What is being asked: One exact copy of the listing, minus the images, is the required answer.

Data excerpt:
***

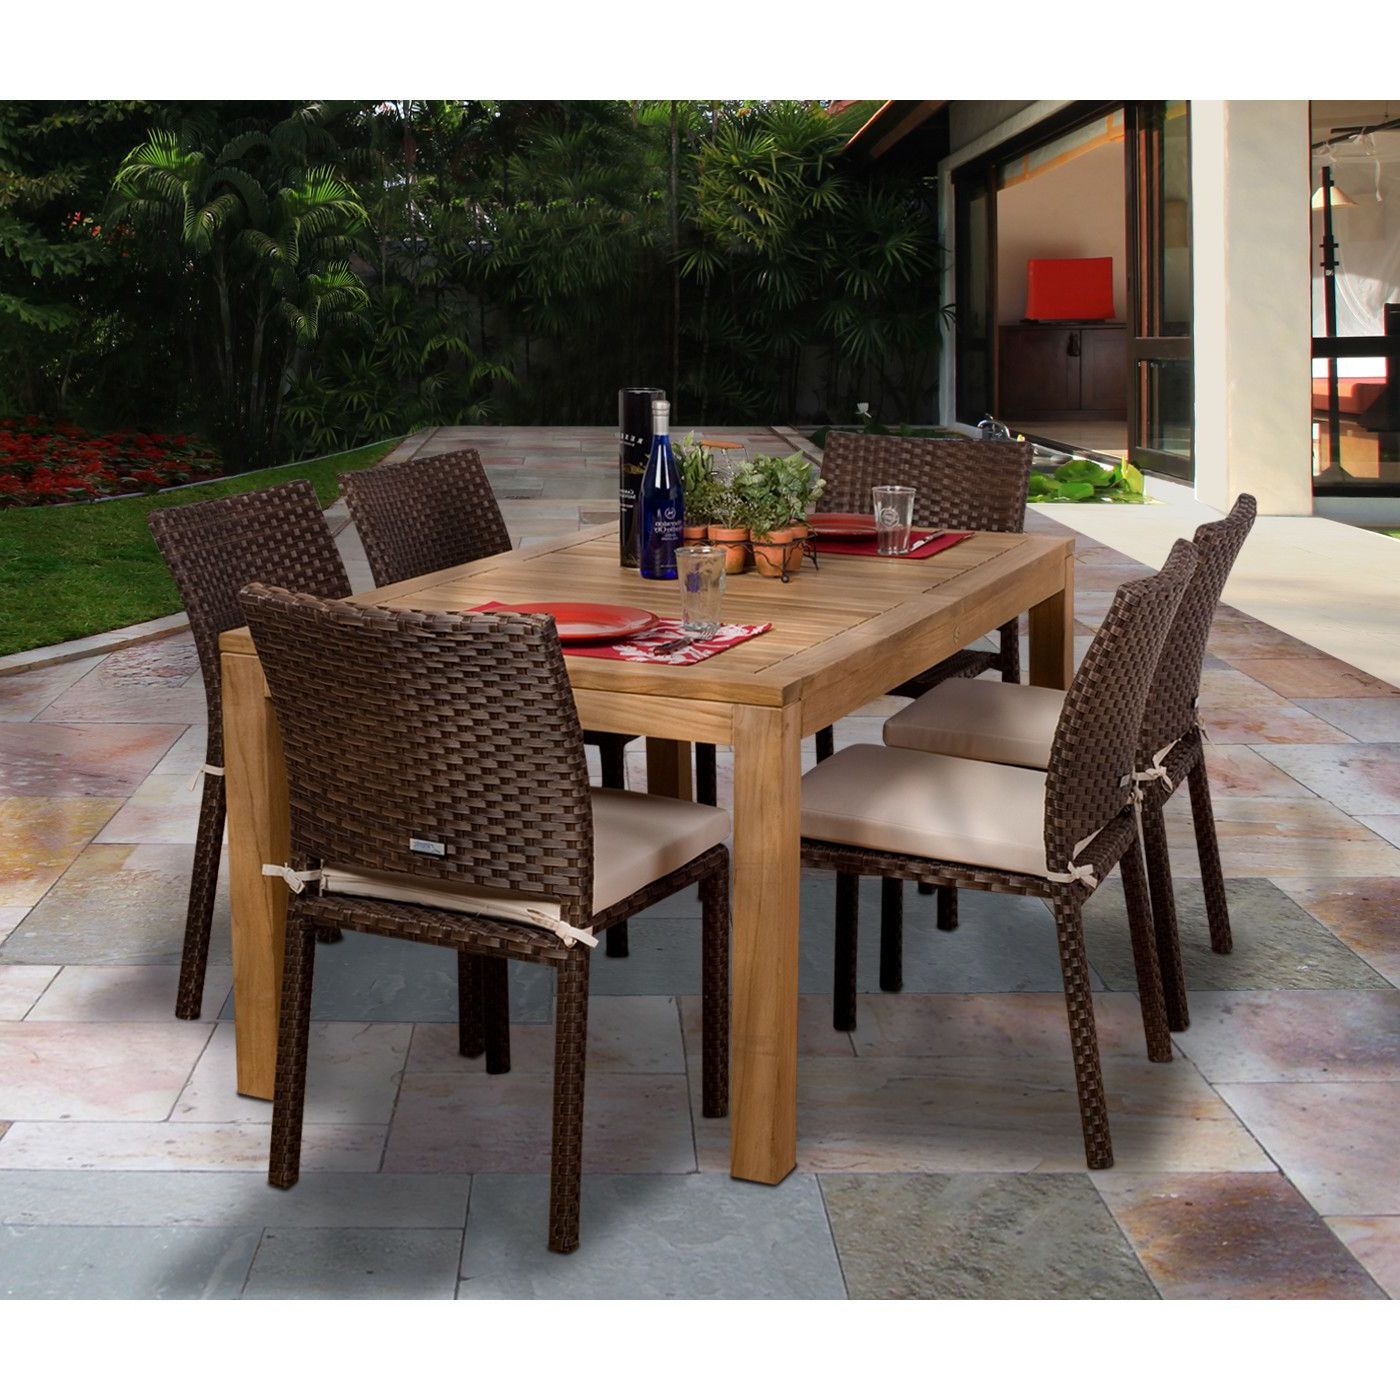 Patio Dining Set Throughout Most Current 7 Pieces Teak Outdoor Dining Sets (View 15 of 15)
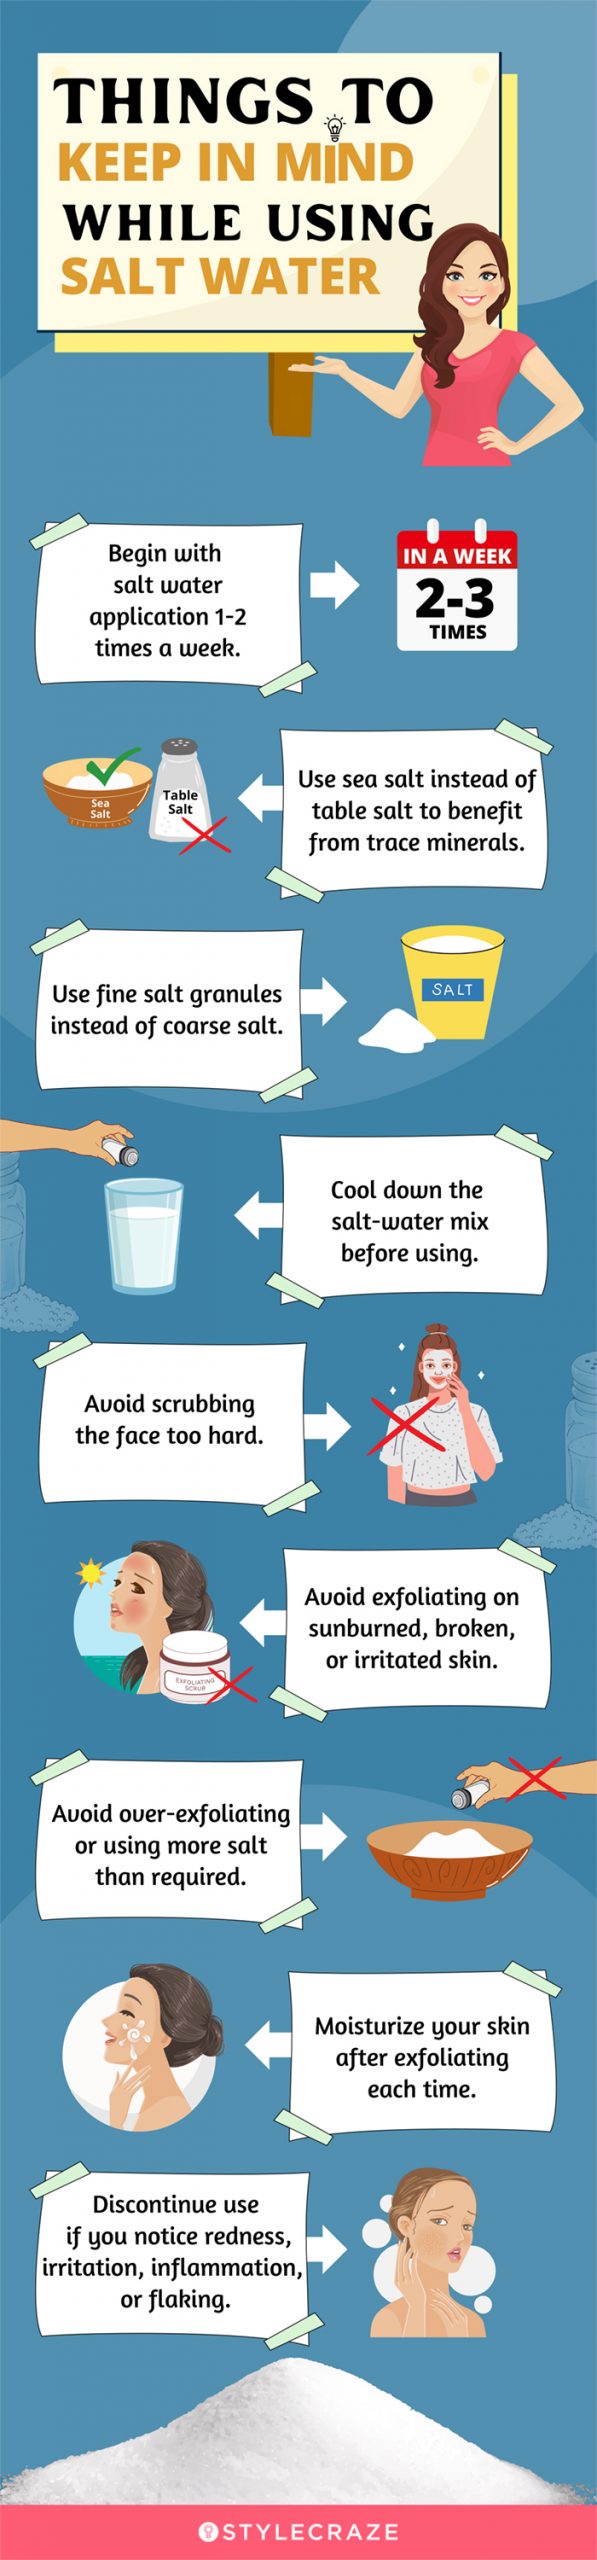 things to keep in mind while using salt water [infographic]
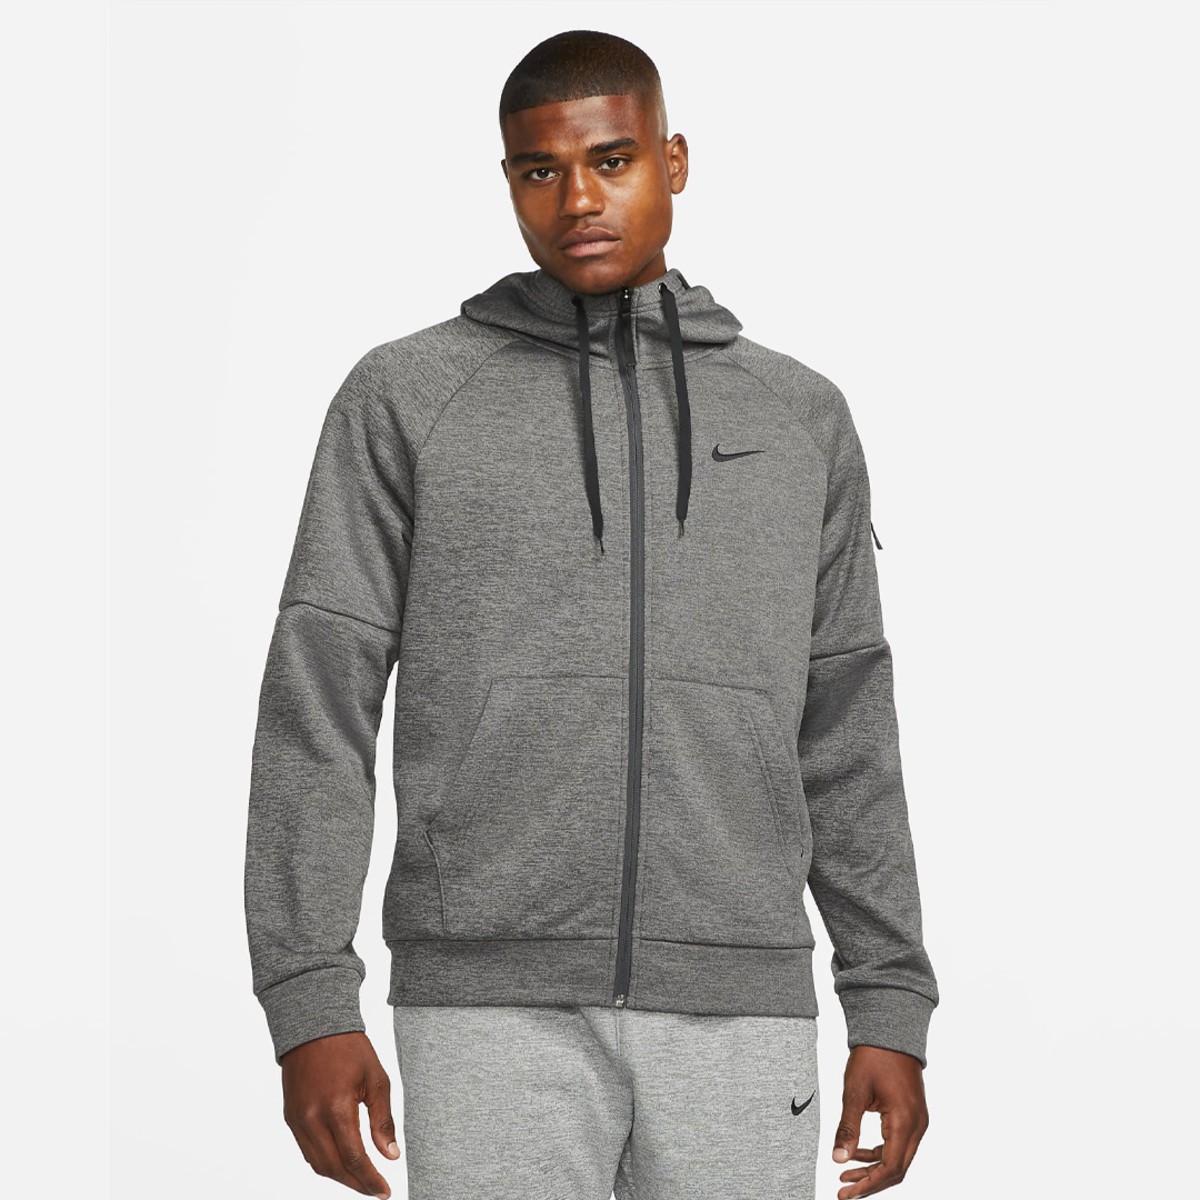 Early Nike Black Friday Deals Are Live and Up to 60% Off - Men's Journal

***

The answer:
 Patio Dining Set Throughout Most Current 7 Pieces Teak Outdoor Dining Sets (View 15 of 15)
 things to keep in mind while using salt water [infographic]
 Early Nike Black Friday Deals Are Live and Up to 60% Off - Men's Journal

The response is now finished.